The CSSF also emphasises that professionals should take a dynamic approach to ML/TF risk assessments, specifically at the product or business unit level, by amongst others (i) identifying and assessing the risks of specific ML/TF arising from COVID-19 which relate to their specific business model, (ii) implementing additional mitigating measures to combat these risks, and (iii) communicating these risks across their organisation. Ensuring staff is regularly trained and that internal policies are kept up-to-date is key.

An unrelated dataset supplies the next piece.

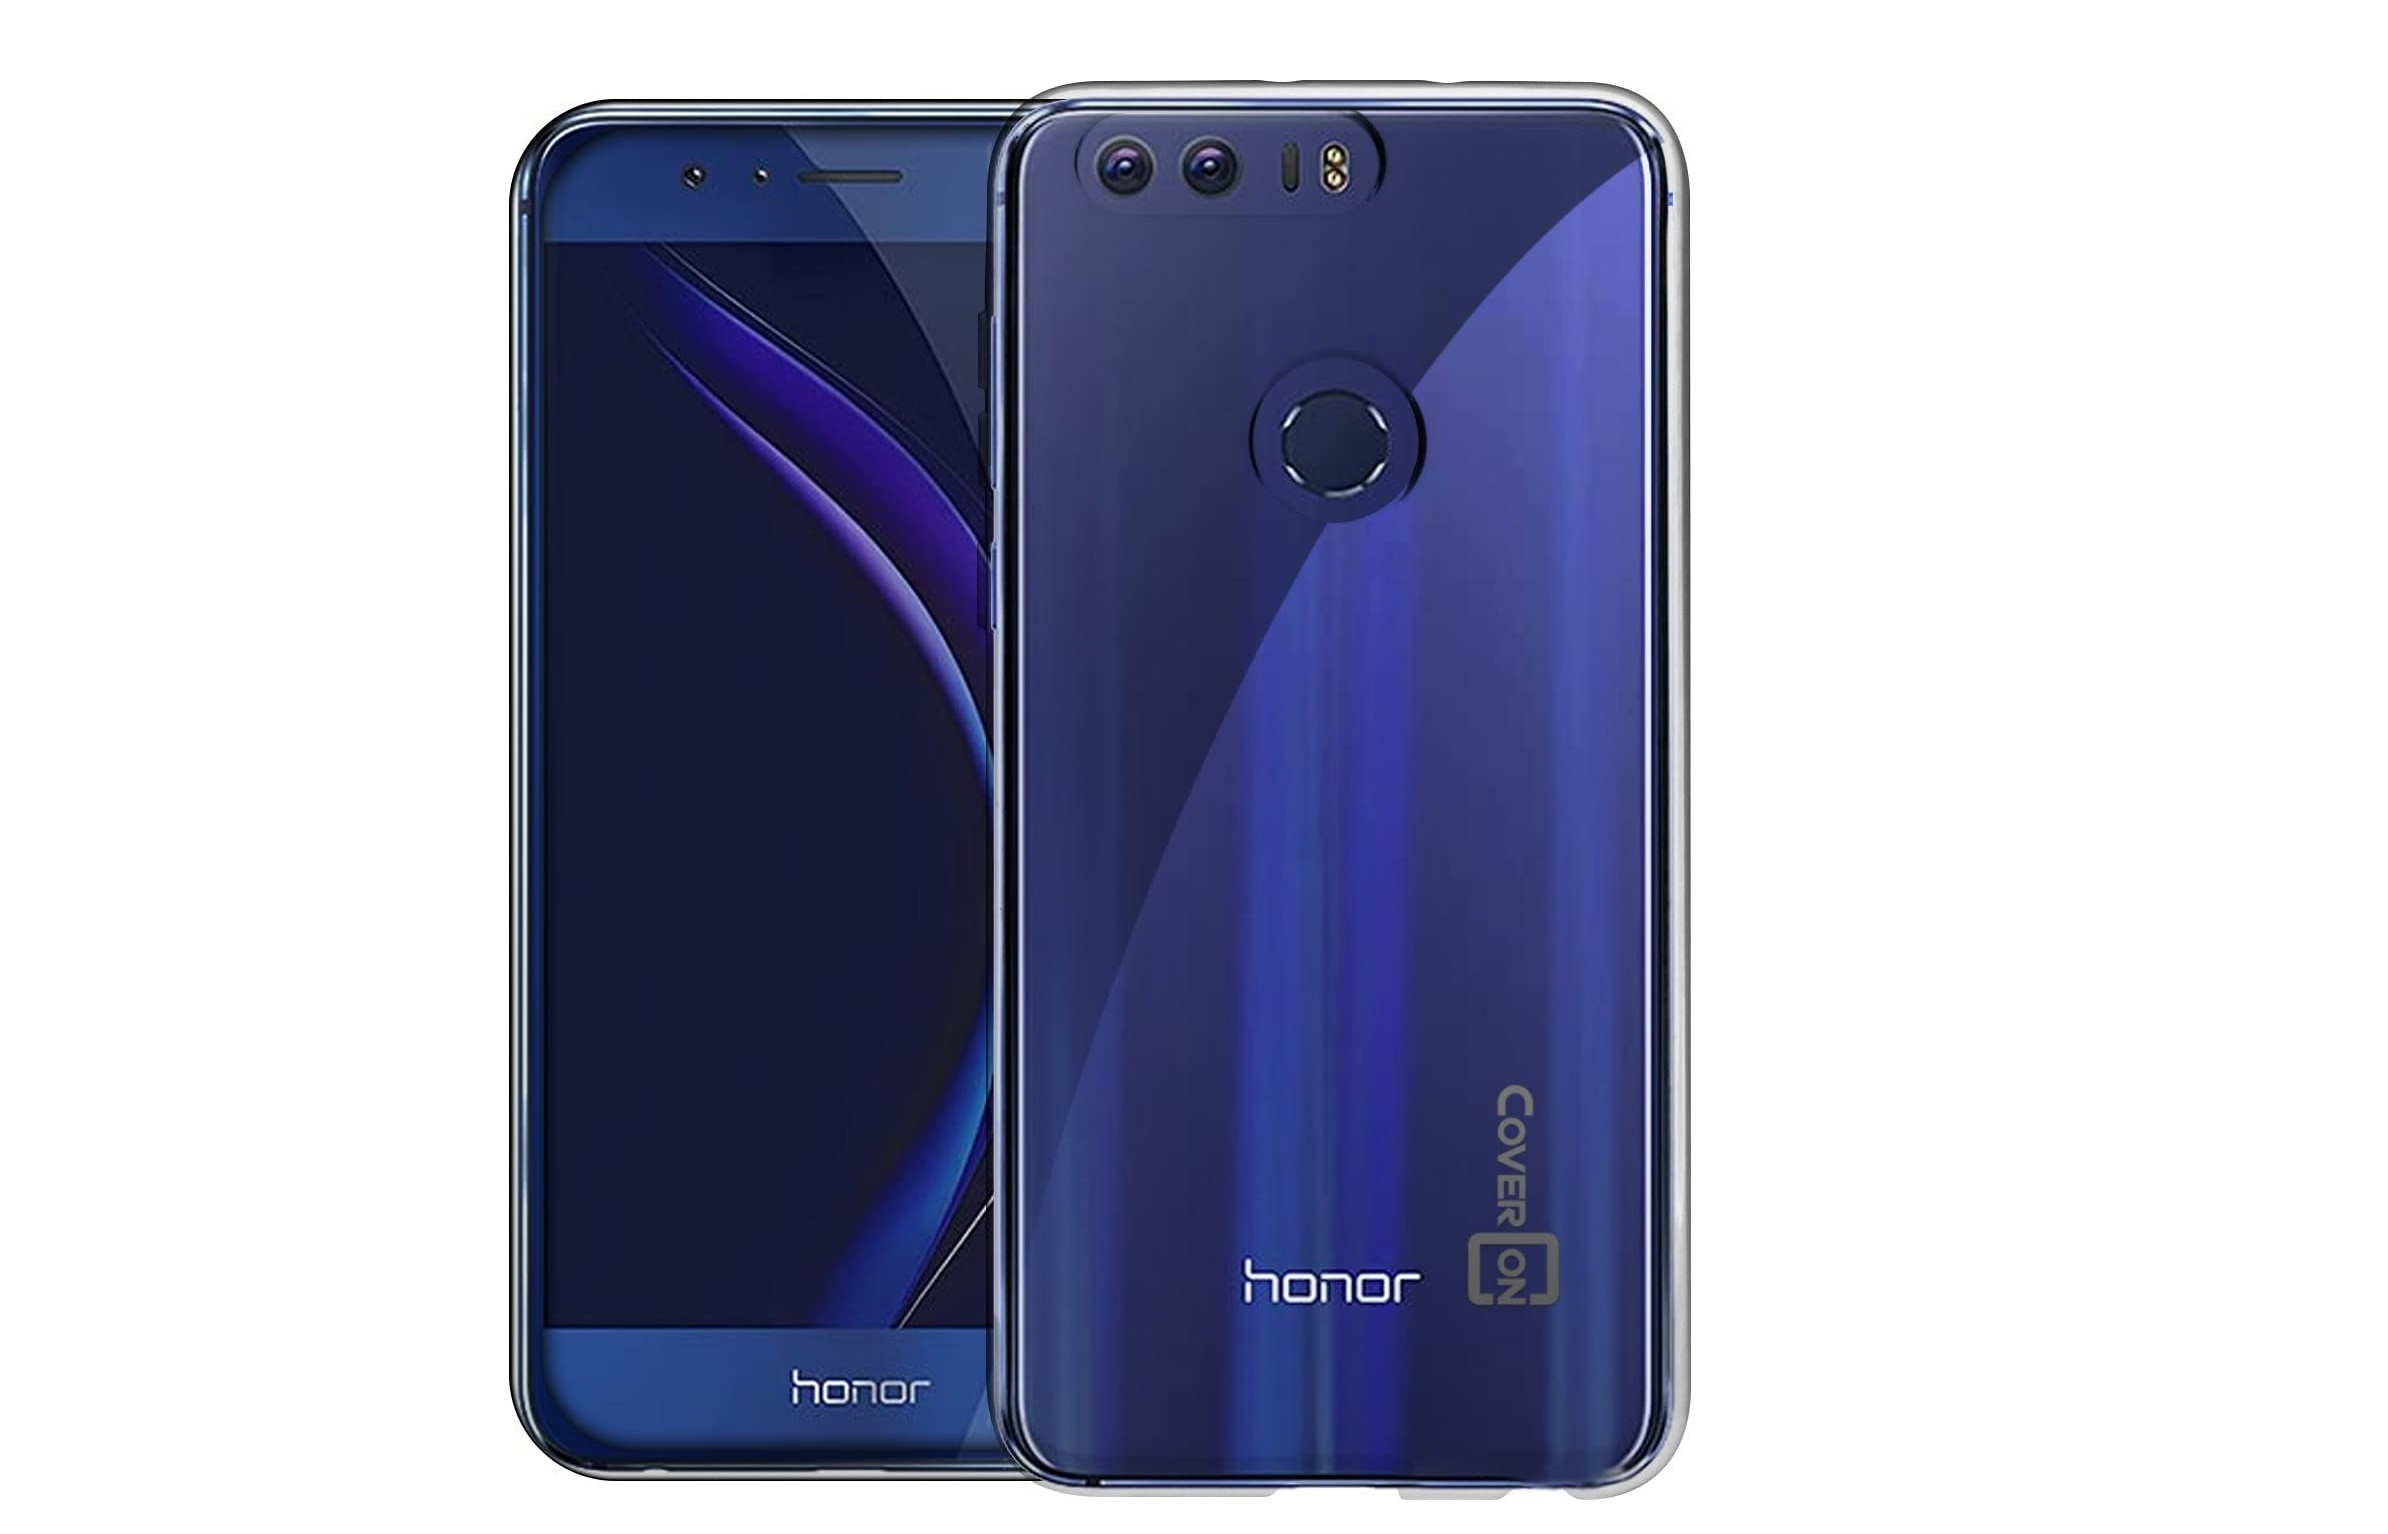 How to boot into safe mode on Honor 8

(D) the AML/CFT approach of the CSSF during this pandemic period
Finally, the CSSF reminds that during the COVID-19 pandemic, it will continue its AML/CFT supervisory activities and remain fully operational and deeply committed to combatting ML/TF. AML/CFT on-site inspections that have already started before the crisis will be completed and the CSSF will also start inspections on a remote basis during this period. Off-site supervisory activities by the CSSF are also continuing. Therefore, despite the FATF’s publication of a report assessing Luxembourg's performance on combating money laundering being postponed due to COVID-19, the industry should continue to ensure obligations are fully complied with.
Hence, supervised professionals are invited to strengthen measures to be taken to remain compliant with their AML/CFT obligations and read thoroughly the AML COVID-19 Circular and other guidance issued by the CSSF on this topic.
See our coronavirus (COVID-19) feature for more information generally on the possible legal implications of COVID-19.
1 Luxembourg law of 12 November 2004 on the fight against money laundering and terrorist financing.
2 Financial Action Task Force, Guidance on Digital ID, March 2020.
3Luxembourg law of 25 March 2020 implementing Directive (EU) 2018/843) on the prevention of the use of the financial system for the purposes of money laundering or terrorism financing.